1. **Tool/Function Calling Mode**: Some LLMs support a tool or function calling mode. These LLMs can structure output according to a given schema. Generally, this approach is the easiest to work and is expected to yield desired good results.
2. **JSON Mode**: Some LLMs are be forced to output valid JSON. This is similar to tool/function calling approach, except the schema is provided as part of the prompt.
3. **Prompting Based**: LLMs that can follow instructions well can be instructed to generate text in desired format. The generated text can be parsed downstream using existing Output parsers or using custom parsers into a structured format like JSON. This approach can be used with LLMs that do not support JSON mode or tool/function calling modes.   

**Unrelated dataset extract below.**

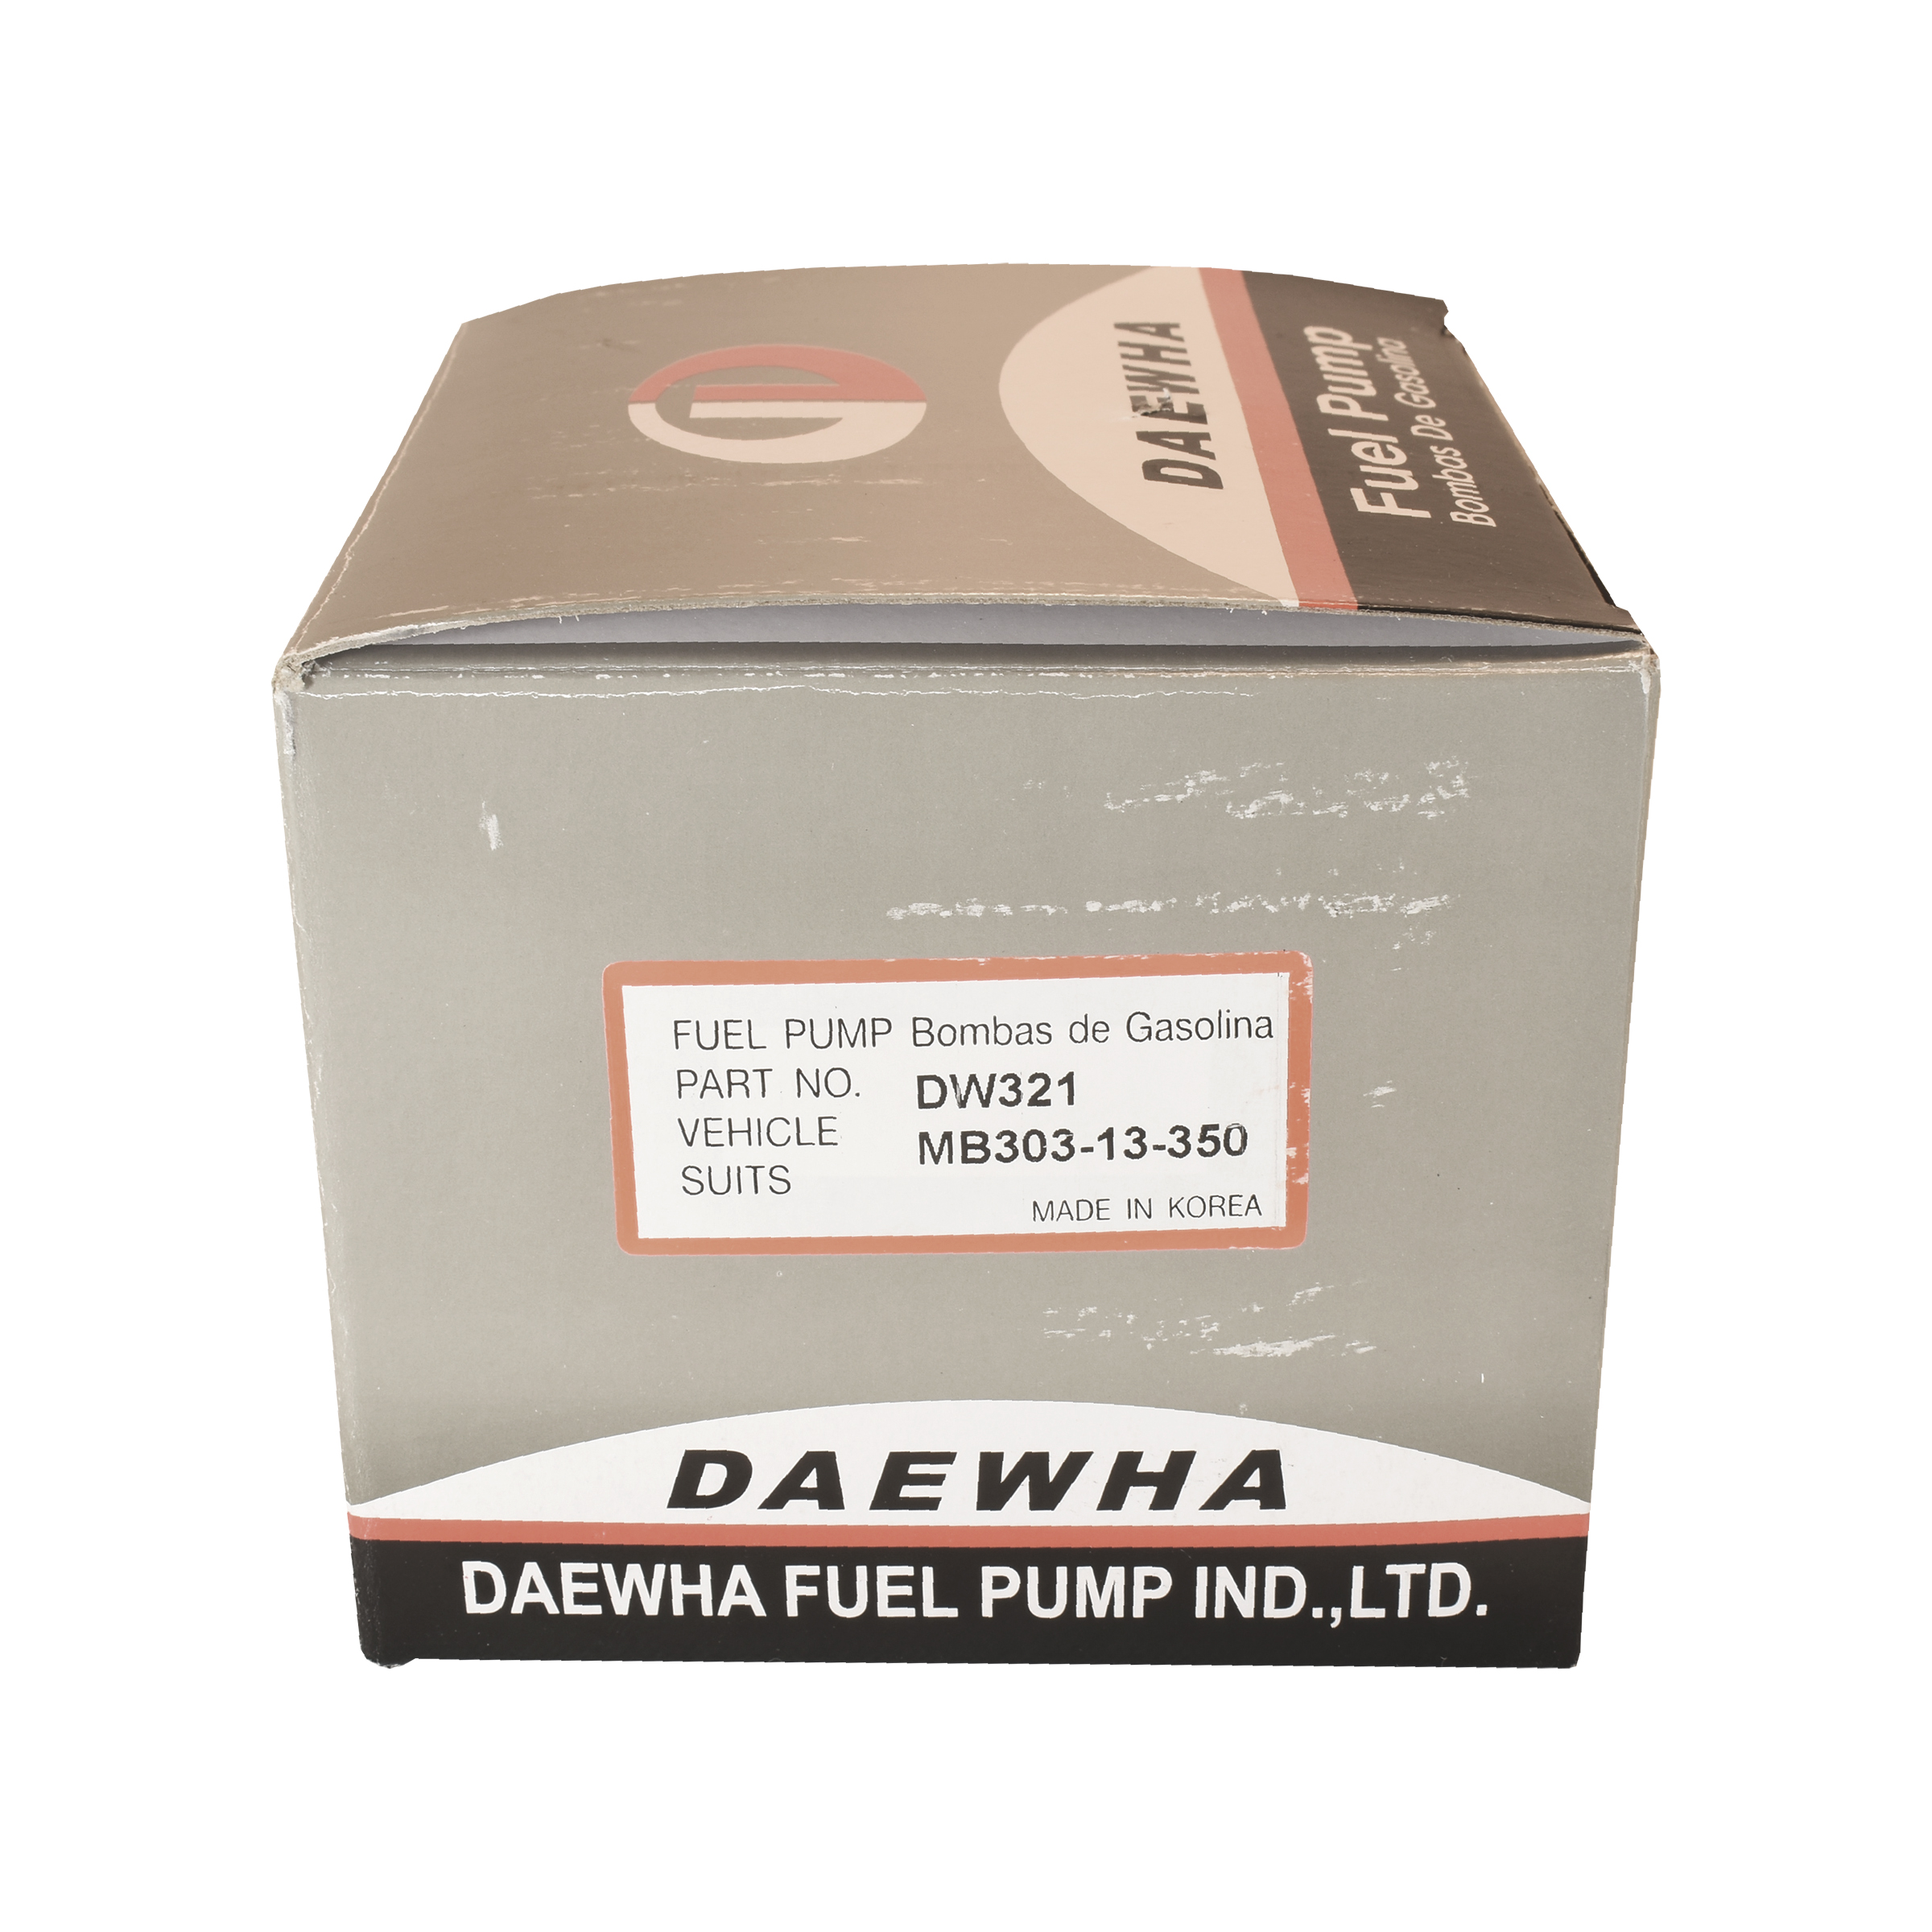 پمپ بنزین دایهوا مدل DW321 مناسب برای پراید کاربراتوری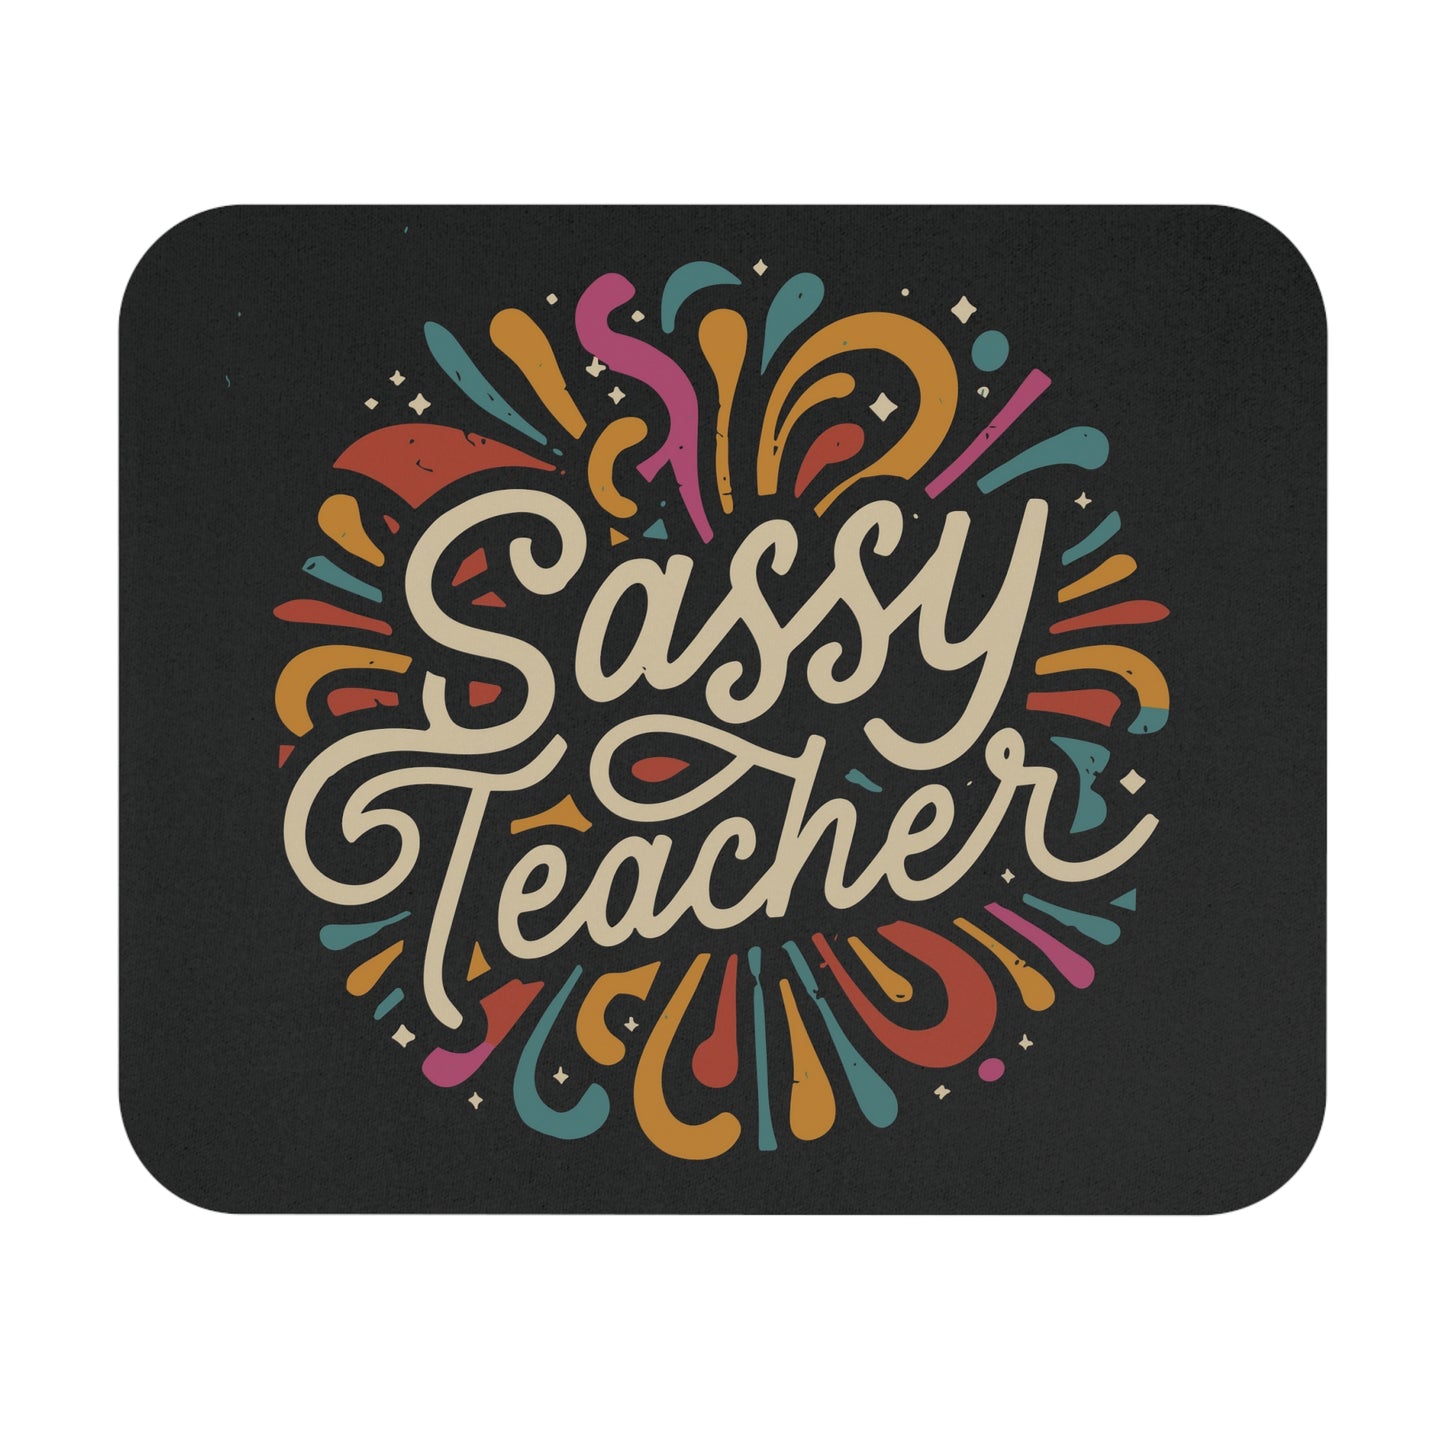 Teacher Mouse Pad - "Sassy Teacher"

### Parse using Instructor and Pydantic Model
1. Load LLMs
2. Define Schemas
3. Generate Stuctured(Pydantic) Outputs
4. Generate Outputs

In [37]:
import instructor
from openai import OpenAI
from pydantic import BaseModel
from dotenv import load_dotenv
load_dotenv()

True

In [38]:
# Define a pydantic class to get our desiered stuctured output
class User(BaseModel):
    name: str
    age: int    

In [39]:
# create the OpenAI client
import openai
client = instructor.patch(OpenAI())

In [40]:
# Extract structured data from natuaral language
user_info = client.chat.completions.create(
    model="gpt-3.5-turbo",
    response_model = User,
    messages=[
        {
            "role": "user",
            "content": "Extract Jason is 25 years old",
        }
    ],    
)
print(user_info)

name='Jason' age=25


In [41]:
# Create a new user based on the user model

new_user = client.chat.completions.create(
    model = "gpt-3.5-turbo",
    response_model = User,
    messages = [
        {
            "role": "user",
            "content": "Generate a user"
        },
    ]
)
# print as Json response
print(new_user.model_dump_json(indent=2))

{
  "name": "Alice",
  "age": 30
}


In [42]:
new_users = client.chat.completions.create(
    model = "gpt-3.5-turbo",
    response_model = list[User],
    messages = [
        {
            "role": "user",
            "content": "Generate a list of 10 users with tamil names and age between 30 to 60"
        },
    ]
)
# print as Json response
for user in new_users:
    print(user)


name='கலைவன்' age=40
name='சிதீசா' age=45
name='தமிழ்மணி' age=35
name='சந்திரன்' age=50
name='அரிவண்ணன்' age=55
name='பவித்ரா' age=32
name='தீபான்' age=38
name='சரவணன்' age=42
name='ஜோதிகா' age=48
name='உன்னிதன்' age=58


# Generate JSON Outputs

In [43]:
from dotenv import load_dotenv,find_dotenv
import os
load_dotenv(find_dotenv())

True

### Login to https://console.groq.com and create a API key


In [44]:
groq_api_key = os.getenv("GROQ_API_KEY")

In [45]:
from langchain_openai import ChatOpenAI
llama3 = ChatOpenAI(api_key = groq_api_key,
                    model="llama3-70b-8192",
                    base_url="https://api.groq.com/openai/v1",
                    temperature=0.1)
llama3

ChatOpenAI(client=<openai.resources.chat.completions.Completions object at 0x000001B9325FB170>, async_client=<openai.resources.chat.completions.AsyncCompletions object at 0x000001B9310E5070>, root_client=<openai.OpenAI object at 0x000001B9325ECD70>, root_async_client=<openai.AsyncOpenAI object at 0x000001B9325FB230>, model_name='llama3-70b-8192', temperature=0.1, model_kwargs={}, openai_api_key=SecretStr('**********'), openai_api_base='https://api.groq.com/openai/v1')

In [46]:
# test the model
ai_msg = llama3.invoke("What is the capital of France?")
ai_msg
ai_msg.content

'The capital of France is Paris.'

## Define the Schemas

In [47]:
from typing import Optional, List
from pydantic import BaseModel, Field

class Person(BaseModel):
    """
    A class representing a person with a name, age, and a list of hobbies.

    Attributes:
        name (str): The name of the person.
        age (int): The age of the person.
        hobbies (List[str]): A list of hobbies of the person.
    """
    name: str = Field(description="name of the person")
    age: int = Field(description="age of the person")
    hobbies: List[str] = Field(description="hobbies of the person")

class People(BaseModel):
    """
    A class representing a list of people.

    Attributes:
        people (List[Person]): A list of Person objects.
    """
    people: List[Person] = Field(description="list of people")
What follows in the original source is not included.